Para uma atmosfera brilhante e clássica, comece com Turner, Constable, Gainsborough ou Wilson Para uma imagem mais literária, olhe para Blake, Rossetti, Burne-Jones e Waterhouse Para uma presença moderna, Bacon, Freud, Hockney, Riley, Auerbach e Rego dão direções muito diferentes: tensão corporal, cor, óptica, matéria ou narração.

Artistas que morreram após esta data, ou ainda estão vivos, são enviados para sua página na Wikipedia em francês.

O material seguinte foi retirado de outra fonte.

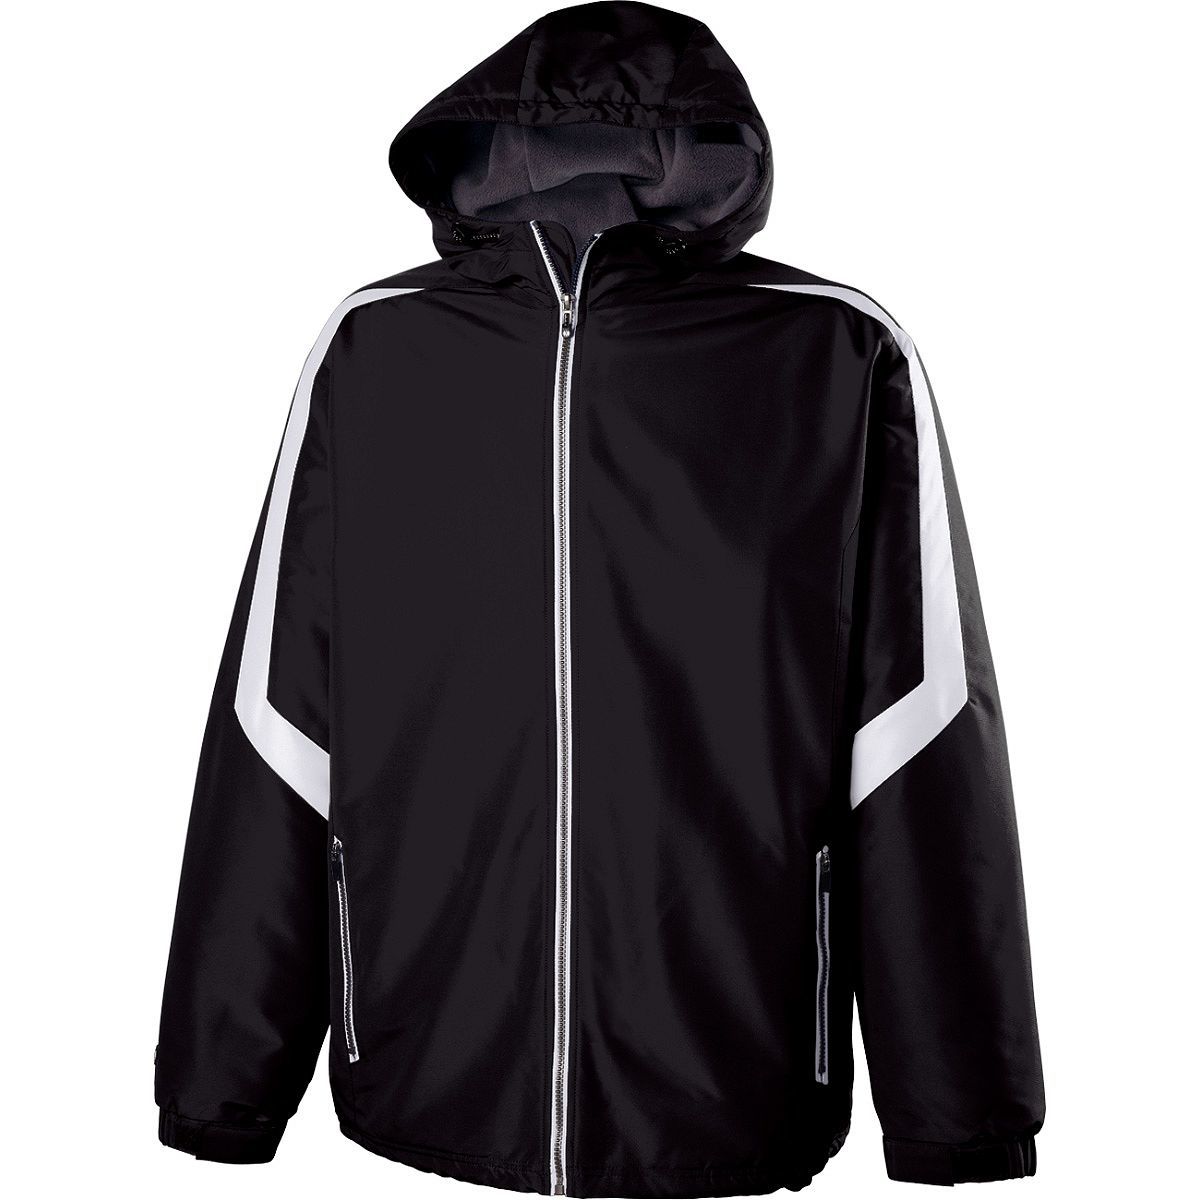 Holloway Sportswear 2XL Charger Jacket Black/White 229059 - image 4 of 4

A pintura britânica avança entre a observação e a invenção

Ela olha para céus, cavalos, salões, fábricas, corpos e imagens populares com uma intensidade muito particular Turner dissolve o padrão na luz, Constable devolve-lhe o seu ar húmido, Bacon torce-o ao ponto de gritar, Hockney reconstrói-o com cor e prazer.

Este Top 100 permite que você se mova entre esses pólos: paisagem, retrato, sátira, Pré-Rafaelismo, modernismo, abstração, Pop Art e figuração contemporânea É menos uma linha reta do que uma constelação, mas uma constelação sólida para entender o que a Grã-Bretanha trouxe para a pintura.